El
enfoque bajo el que se suele examinar si una privatización es, o no,
beneficiosa para el conjunto de la sociedad tiende a dejarse en el tintero un
aspecto fundamental.
Cuando
los partidarios de la intervención estatal se manifiestan en contra de las
privatizaciones argumentan que lo único que se consigue es enriquecer al futuro
propietario de la empresa pública a costa del grueso de los consumidores, que
deberán pagar más por los bienes o servicios prestados (entendiendo, correctamente,
que los precios públicos, al estar subvencionados, son más baratos).
Sin
embargo, hasta ahora, seguimos sin prestar la debida atención a la cuestión de
cómo deberían de llevarse a cabo las privatizaciones con el objetivo de mejorar
el bienestar del conjunto de la sociedad.
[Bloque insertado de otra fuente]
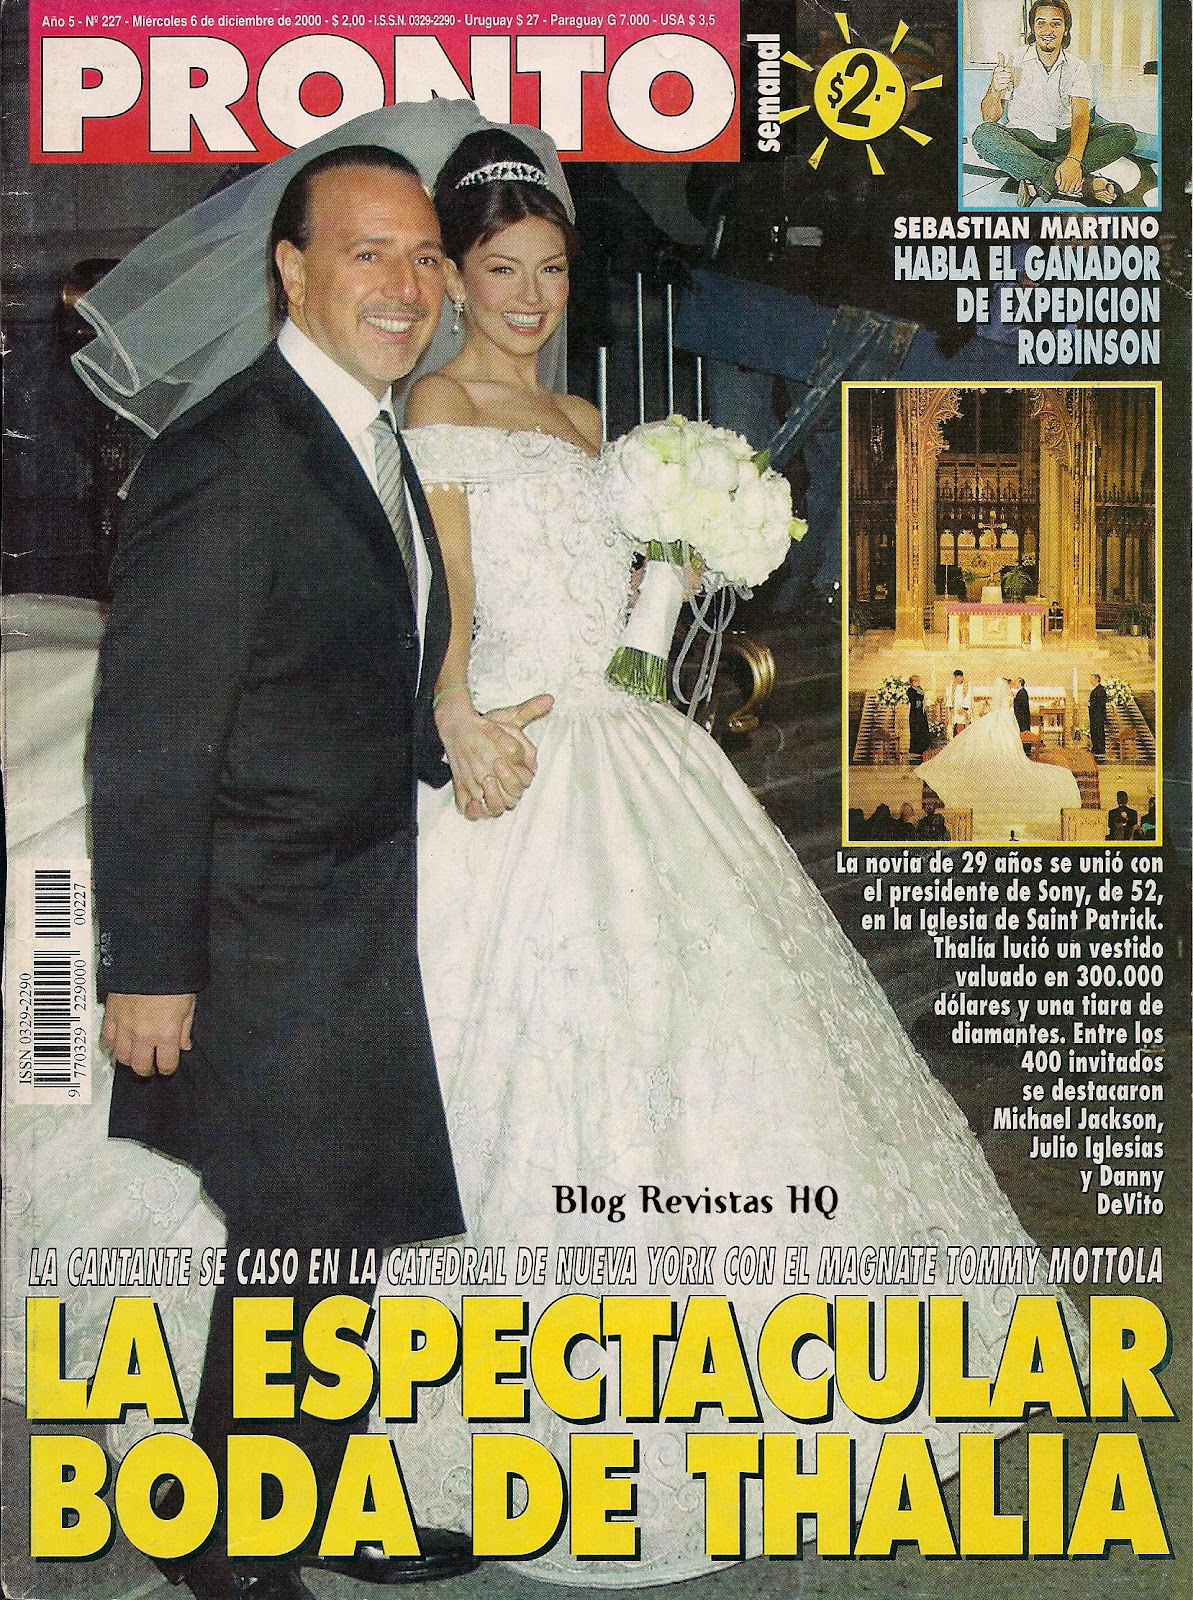 Thalia Revistas Hq Pronto 2000 Boda
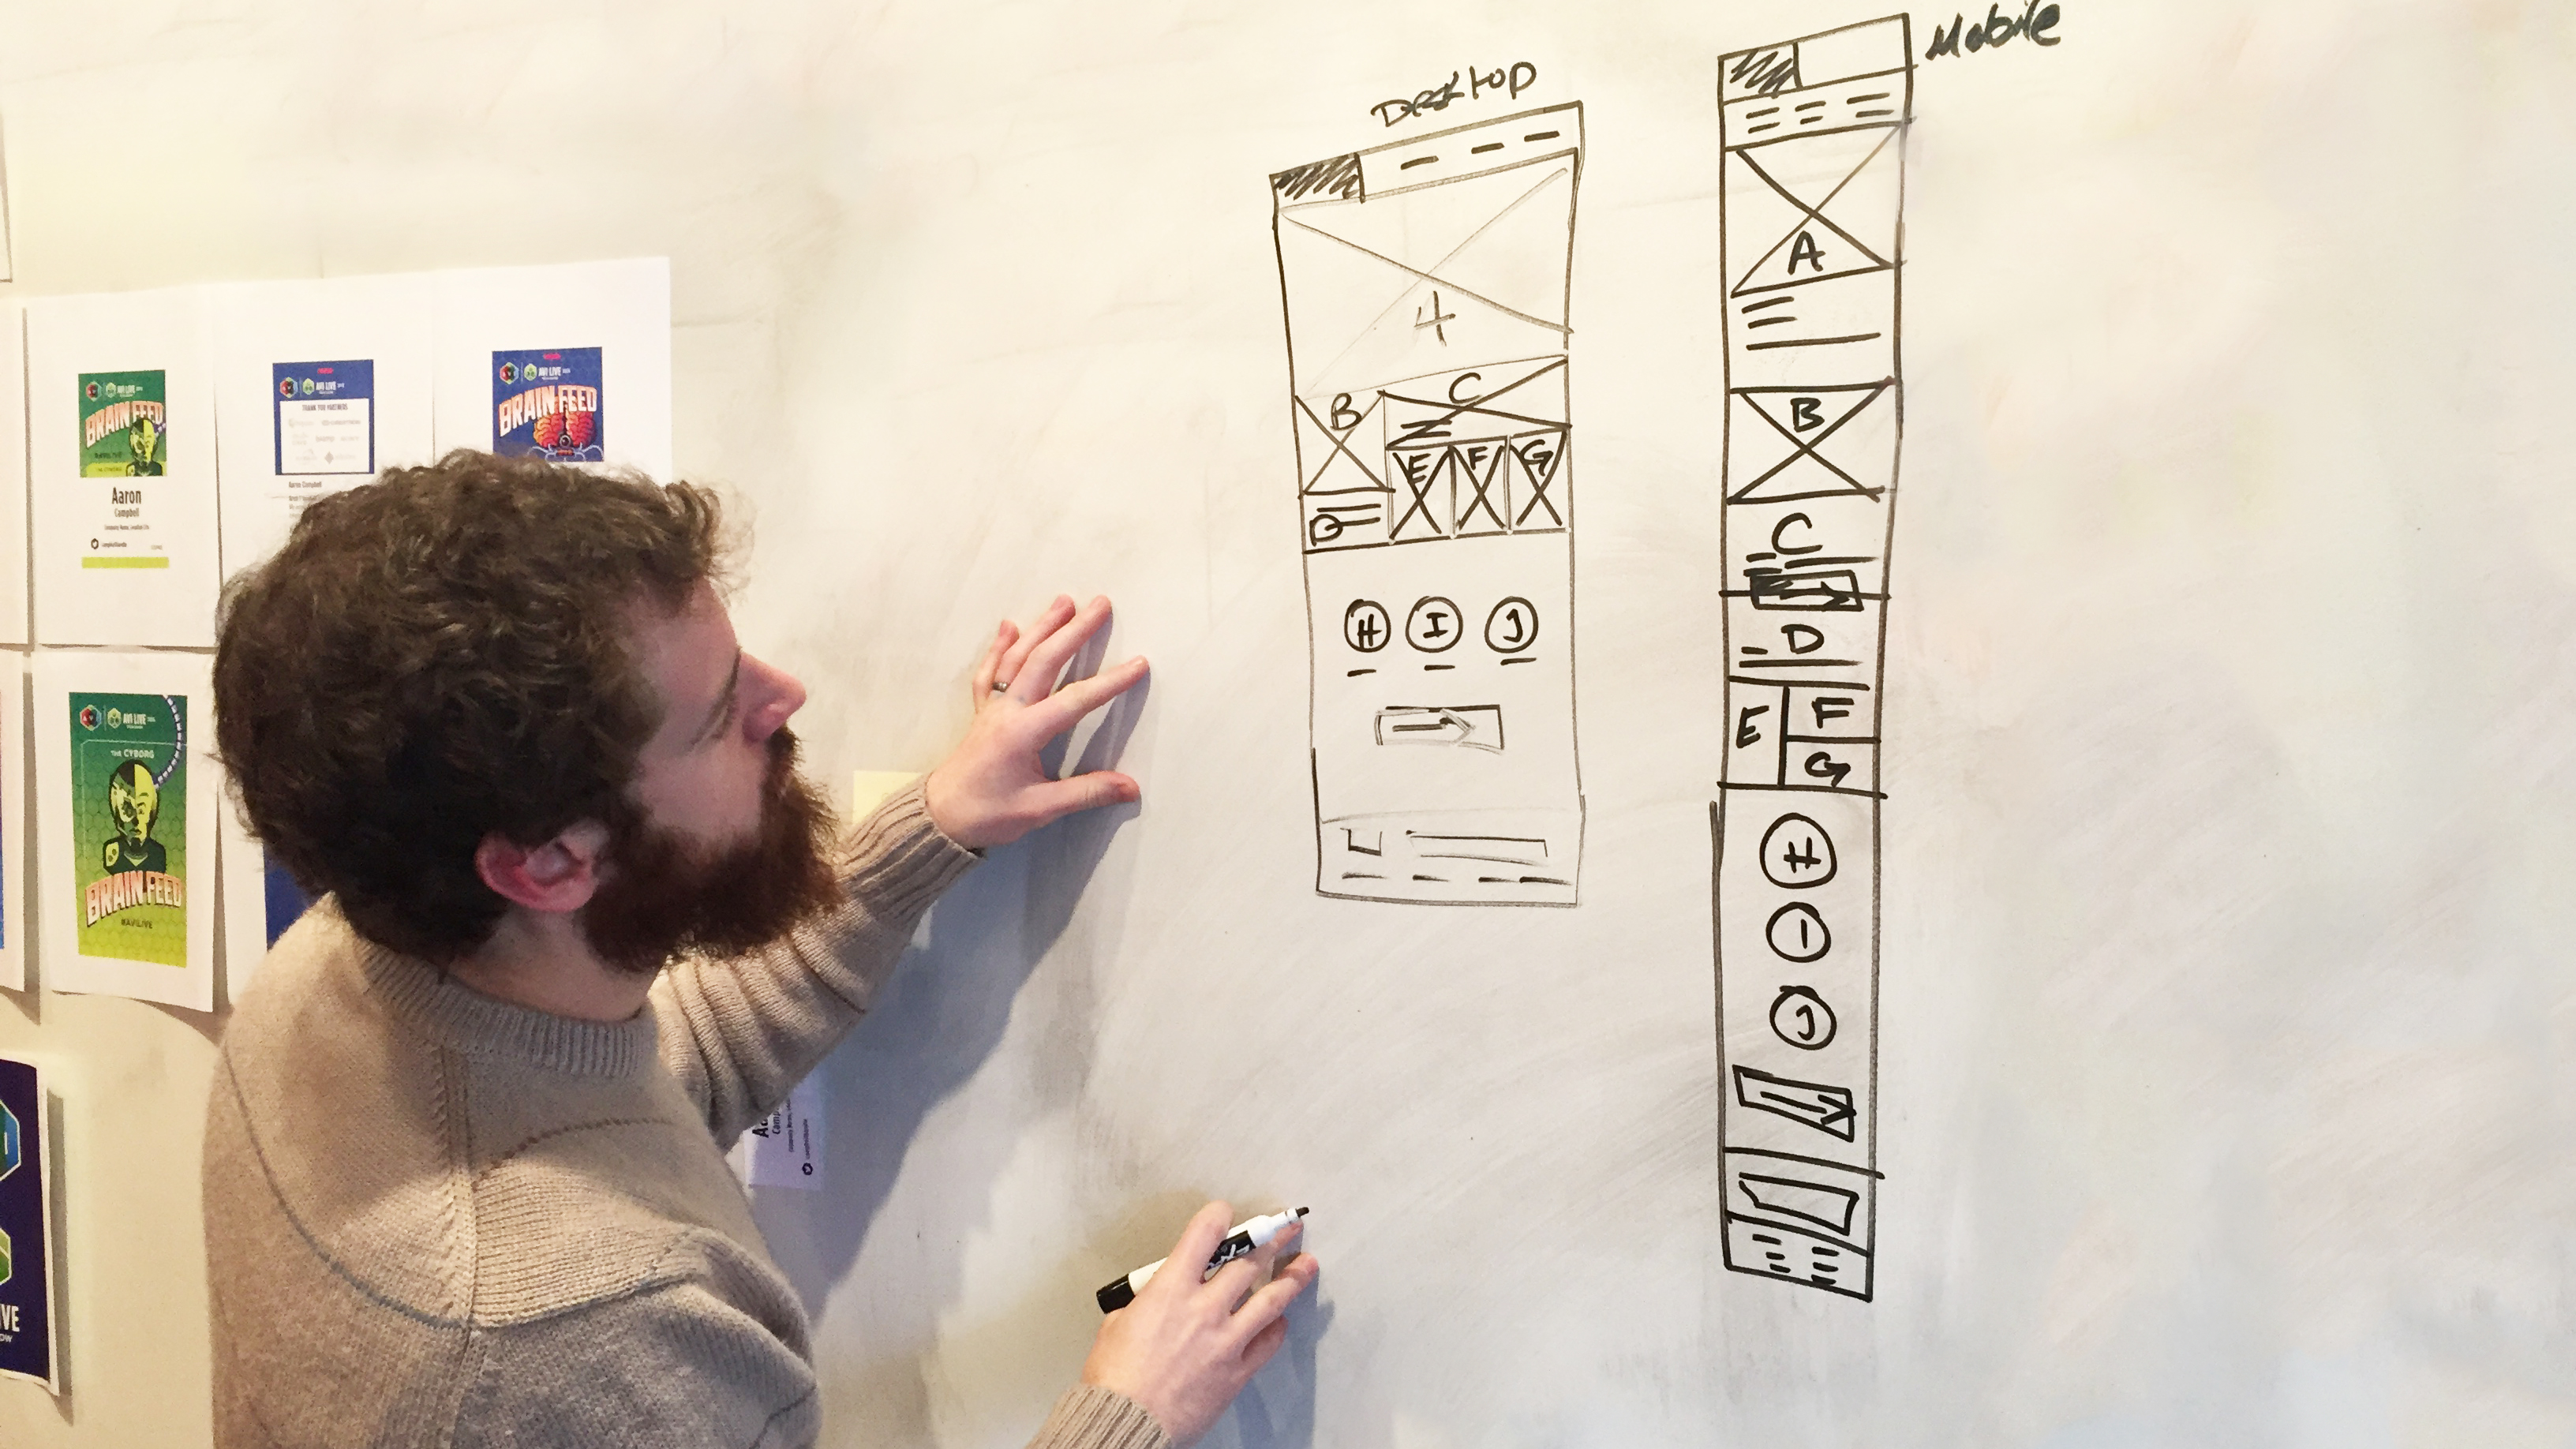 Designer sketching website wireframes on whiteboard

Y es que lo fundamental no es tanto
la privatización en sí, sino la introducción de la competencia en ese negocio
en concreto.
Los
monopolios crean ineficiencias en las economías, tanto si se trata de empresas
públicas como privadas. Acabar con éstos y ampliar el mercado a la competencia
redunda en beneficio de todos, al aumentar de forma significativa la eficiencia
de las empresas del sector.
Así,
el error más común que cometen los políticos al privatizar empresas públicas
es, precisamente, no abrir ese negocio en particular a la competencia, sino
otorgar un monopolio, que antes era público, a manos privadas. Prefieren
centrarse en el beneficio propio derivado de una mayor financiación a corto
plazo, en lugar de mejorar el servicio al público en el medio y largo plazo.
Fuentes:
De la Dehesa, Guillermo (2003). Globalización, desigualdad y pobreza (página 101).